Bronson shrugged. “It’s a long story,” he said, “and it’s complicated. I believed there was a serious threat to London during the Olympic Games, and I simply couldn’t convince any of my superiors that there was any truth in it. They were going to pull me off the case, and just mop up a small and insignificant bunch of thugs who’d been breaking a few windows in northeast London, and I knew that if they did that we’d never find out about the bigger plot until it was much too late. So I did what I thought was right, not what I was told to do.”
“But shooting at your fellow officers? That’s really serious, Chris.”
Bronson nodded. “Tell me about it. Actually, I didn’t shoot at any of them, only at one of the tires on the van they were driving, but that’s probably splitting hairs. But I still believe I was right, and what I found out here has confirmed it.”
“You mean the stuff I’ve told you about Die Glocke?”

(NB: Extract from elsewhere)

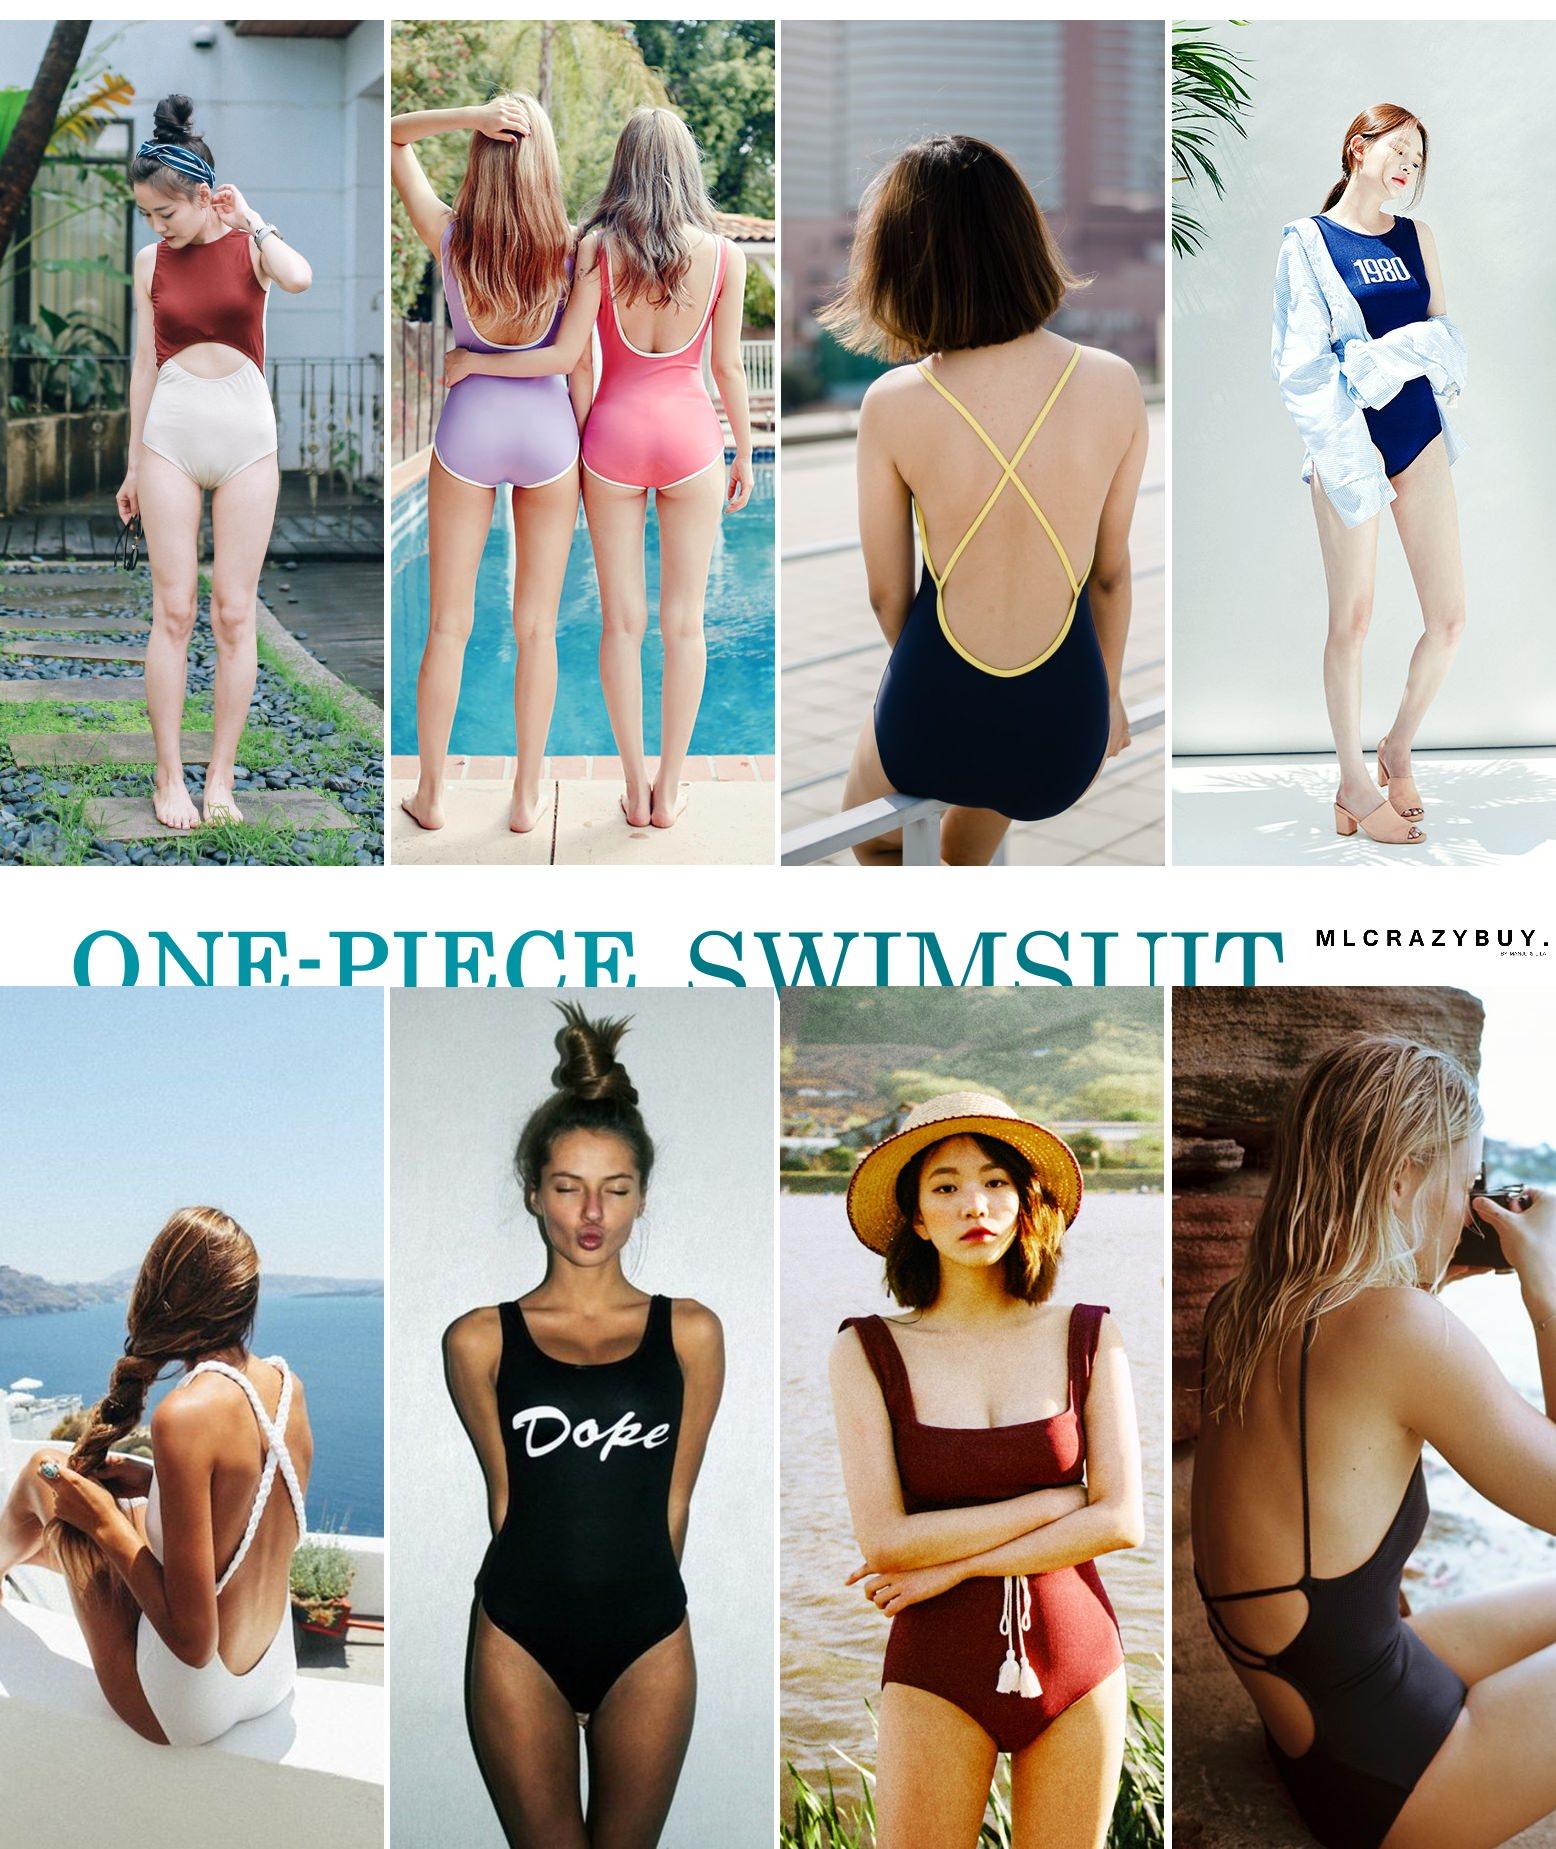 [swimsuit] 文青女孩的比基尼購物日記♥復古連身泳衣也時尚!

“That, obviously, but now I know a lot more about Marcus as well. I was watching his house last night, and I saw him in his full jet-black regalia, along with a group of other men who were clearly his subordinates. He was dressed as a Nazi Obersturmbannführer, a lieutenant colonel, right down to the swastika on his left arm. I even saw the lightning bolt runes on his lapel.”

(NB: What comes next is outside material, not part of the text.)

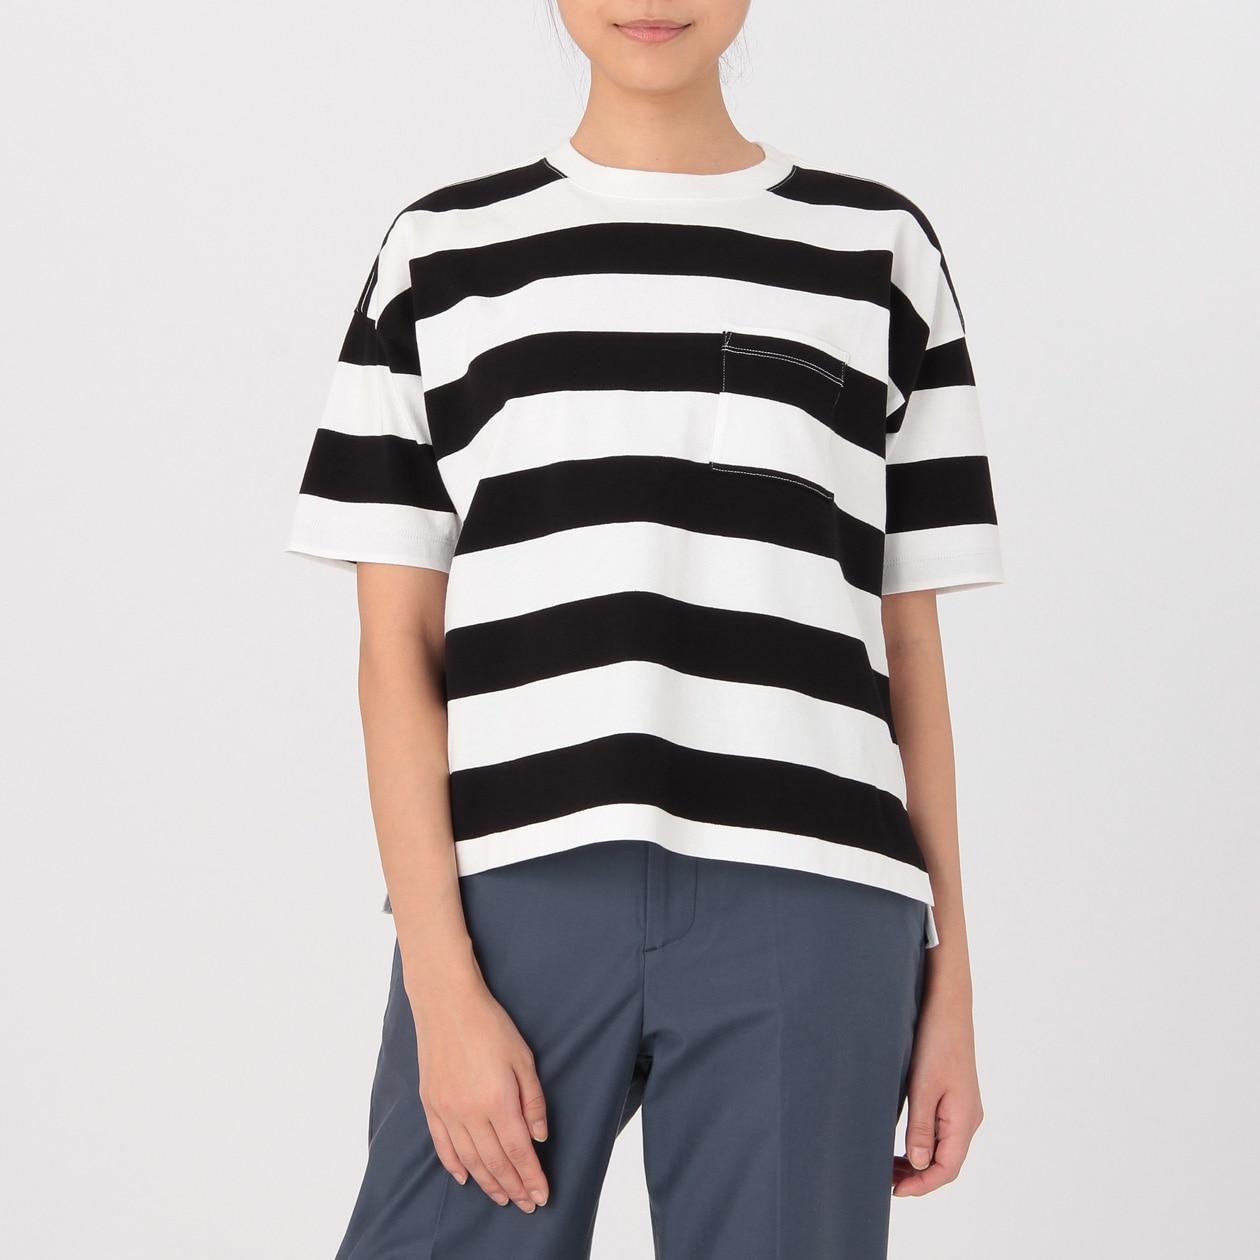 オーガニックコットン太番手クルーネックワイドTシャツ(半袖)

Angela was silent for a few moments, then she shook her head.
“That’s really nasty,” she said. “The SS probably killed more people—mainly innocent people who couldn’t fight back, in the concentration camps and elsewhere—than any other single unit of the Nazi armed forces. And they were heavily involved with Die Glocke as well. One thing I didn’t tell you was that when the Bell and the equipment were taken out of the Wenceslas Mine, it was a special SS Evacuation Kommando that handled the operation.”
“I’ve never heard of a unit like that.”
“You won’t have done,” Angela replied, “because as far as I’ve been able to find out, it was the only one ever created. These SS men went into the mine, removed Die Glocke itself and all the documentation, and selected which scientists should accompany the device on its journey out of Germany. The rest of the scientists and technicians w
ere executed on the spot.”
Bronson nodded grimly. “I guess that’s what you’d expect of the SS—doing what they did best and keeping up their tradition of slaughtering the innocents.”
“That’s one way of putting it.”
“So you’re sure that everything to do with Die Glocke was removed from the mine? In that case, why are we going there? What do you hope to find?”
“I don’t know, but that place is the only firm lead we have. Everything else I’ve told you has just been culled from recovered documents and the recollections of the very few survivors of that period of the war who were vaguely aware of what was going on. That mine was the last location where the device was known to be operating, and I suppose I’m hoping we might find something there that other people have missed.”
Bronson looked at her for a second or two, then turned his attention back to the road.
“According to the satnav,” he said, “we’ll reach the Polish border in a few minutes, and I suppose we’ll find out fairly soon. Did you discover anything else about this blasted Bell?”
“Only one thing, but it is quite significant,” Angela replied. “All Nazi projects and operations were given code names, as we’ve already discussed, but they were also allocated priorities that reflected their importance, and that priority determined what resources they could command, and how quickly requests for additional men or equipment would be processed. From the very start, both Projekt Thor and the later twin projects of Chronos and Laternenträger were allocated the priority classification Kriegsentscheidend. That meant ‘decisive for the outcome of the war.’ It was the highest possible classification in the entire Nazi system. Guess how many other German Wunderwaffen projects shared that same classification?”